Beide Länder sind seit
Jahrzehnten mit unterschiedlichsten Aufstandsbewegungen konfrontiert. Wie die
jeweiligen Eliten, die Parteien, die Regierungen und deren Sicherheitsapparate
auf politische Gewalt und Terror reagieren, sagt viel über das Selbstverständnis
des jeweiligen Regimes aus. So erkennen viele Kritiker in Pakistan einen von
amerikanischer Finanz- und Militärhilfe abhängigen Kunststaat, der sich zwar
erhalten, aber bis heute nicht konsolidiert hat. Schlimmer noch, viele zählen
Pakistan schon zu den failed states, dessen Zusammenbruch zwar nicht unmittelbar
bevorsteht, aber in Zukunft nicht mehr gänzlich ausgeschlossen werden kann.
Dabei sah es vor allzu
langer Zeit gar nicht so schlecht aus. Die Partei der ermordeten früheren
Premierministerin Benazir Bhutto, die Pakistan Peoples
Party (PPP), hatte 2008 einen klaren Wahlsieg errungen. Bhuttos Wittwer, Asif A. Zardari, wurde zum Präsidenten
und an die Spitze seiner Partei, der Pakistan Peoples
Party (PPP) gewählt. Problematisch ist allerdings, dass die PPP seither mit der
von Nawaz Sharif geführten Pakistan Muslim League
(PML-N) koalieren muss, obwohl die beiden Parteien, bis auf die Abneigung gegen
den ehemaligen Präsidenten und damaligen Armeechef Musharraf,
nichts verbindet.
Damals hatte die
Öffentlichkeit die Bildung einer parlamentarisch breit abgestützten Regierung
begrüßt. Aber schnell zeigt sich, dass die beiden großen pakistanischen Parteien
noch nie gemeinsam regiert hatten und keine von beiden die enormen sicherheitspolitischen
Herausforderungen zu lösen imstande ist. Stattdessen behindern anhaltender
Terror und rohe politische Gewalt den Demokratisierungsprozess und schwächen
die Staatsgewalt.
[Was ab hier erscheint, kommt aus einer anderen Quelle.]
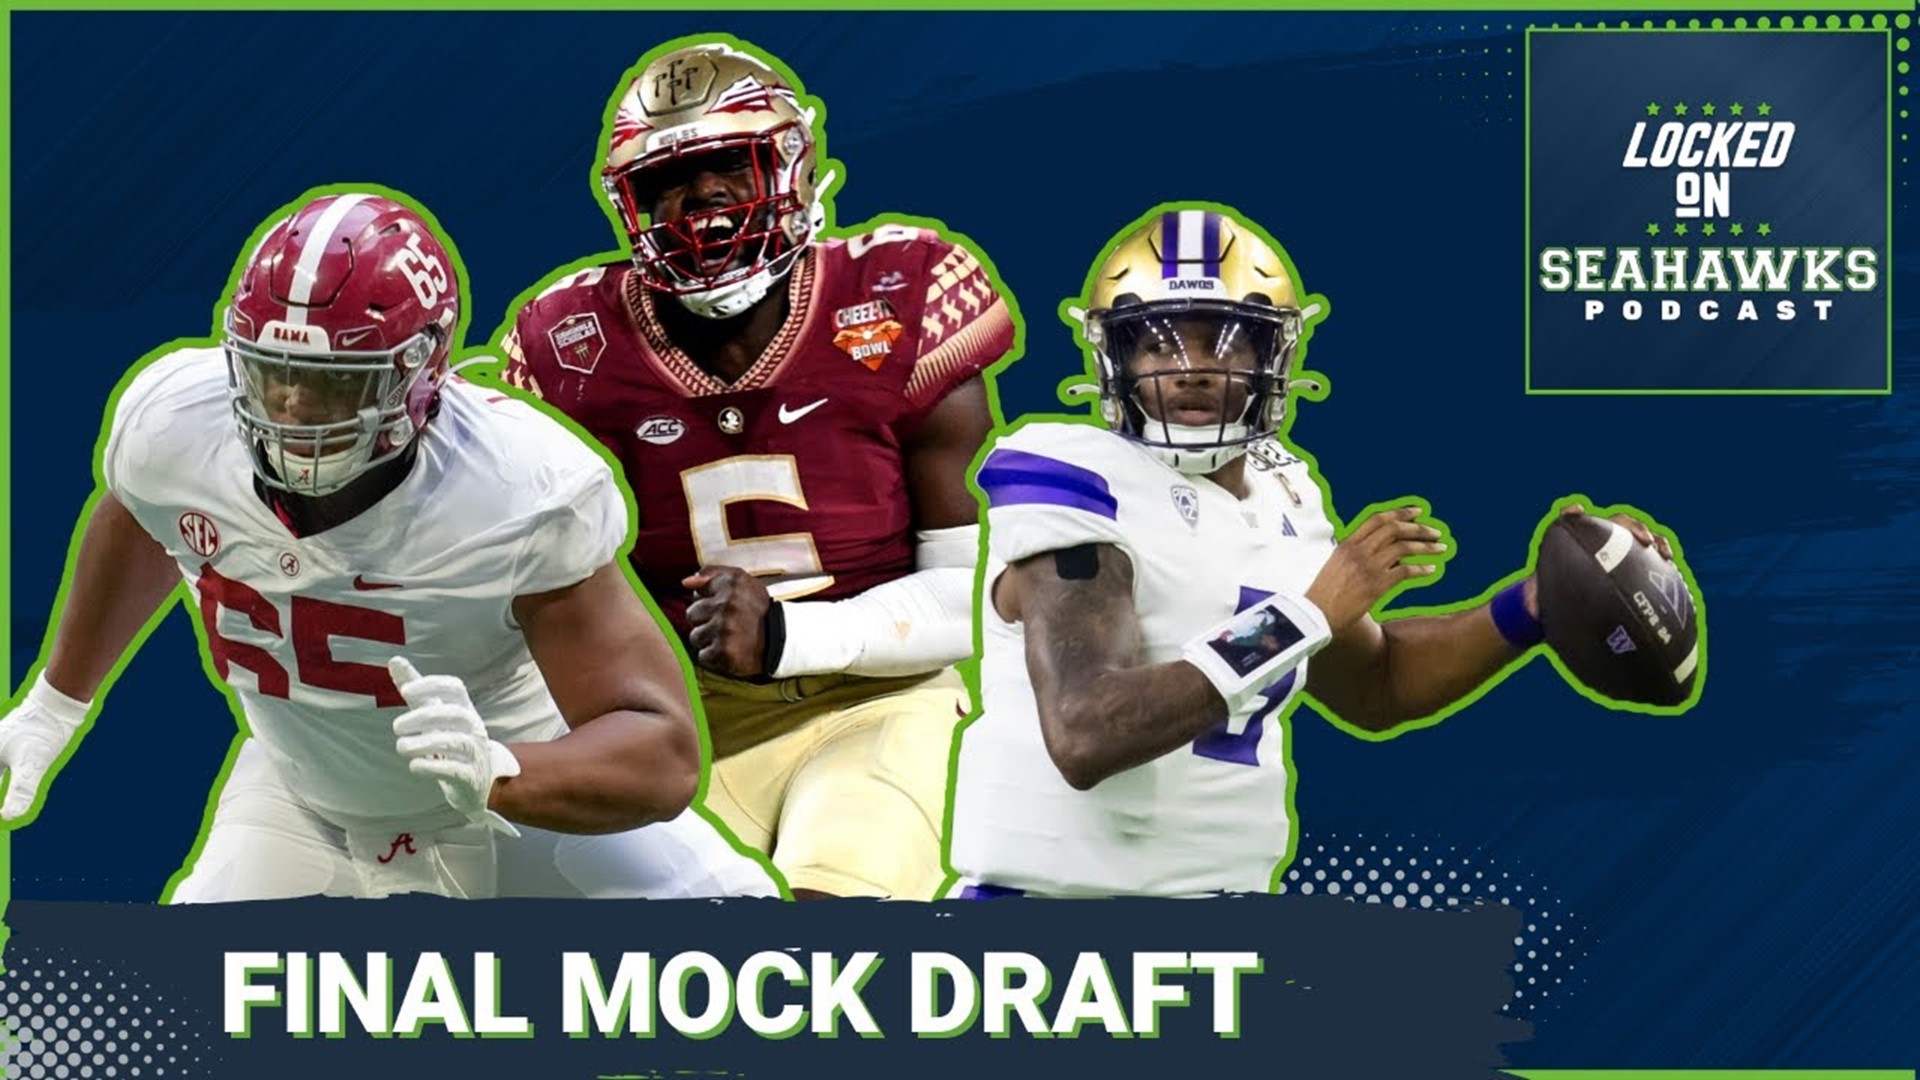 It's officially NFL Draft week and with the festivities set to kick off on Thursday night in Detroit, the Seahawks will soon be on the clock with the 16th pick

Unter diesen Bedingungen können bestehende gesellschaftliche
Konflikte nicht eingedämmt und gewaltbereite Gruppen nicht angemessen bekämpft
werden.
Im Gegensatz zu Pakistan,
bei dem es sich nur der Verfassung nach um eine »demokratisch-parlamentarische«
Republik handelt, hat Indien von Anbeginn an den Prinzipien des Säkularismus und Föderalismus festgehalten und 1947 eine
auf der »Einheit in der Vielfalt« gegründete Demokratie errichtet. Pakistans
»islamische Republik« hingegen hat seit der Unabhängigkeit bis dato drei
Abschnitte gescheiterter Demokratisierung (1947–1958; 1971–1977; 1988–1999) und
Militärherrschaft (1958–1971; 1977–1988; 1999–2008) durchlaufen. Art und
Charakter der »Nationalidentität« Pakistans sorgen bis heute dafür, dass islamistische Tendenzen allgegenwärtig sind und dem Aufbau
säkularer und föderaler Strukturen kein Erfolg beschieden ist.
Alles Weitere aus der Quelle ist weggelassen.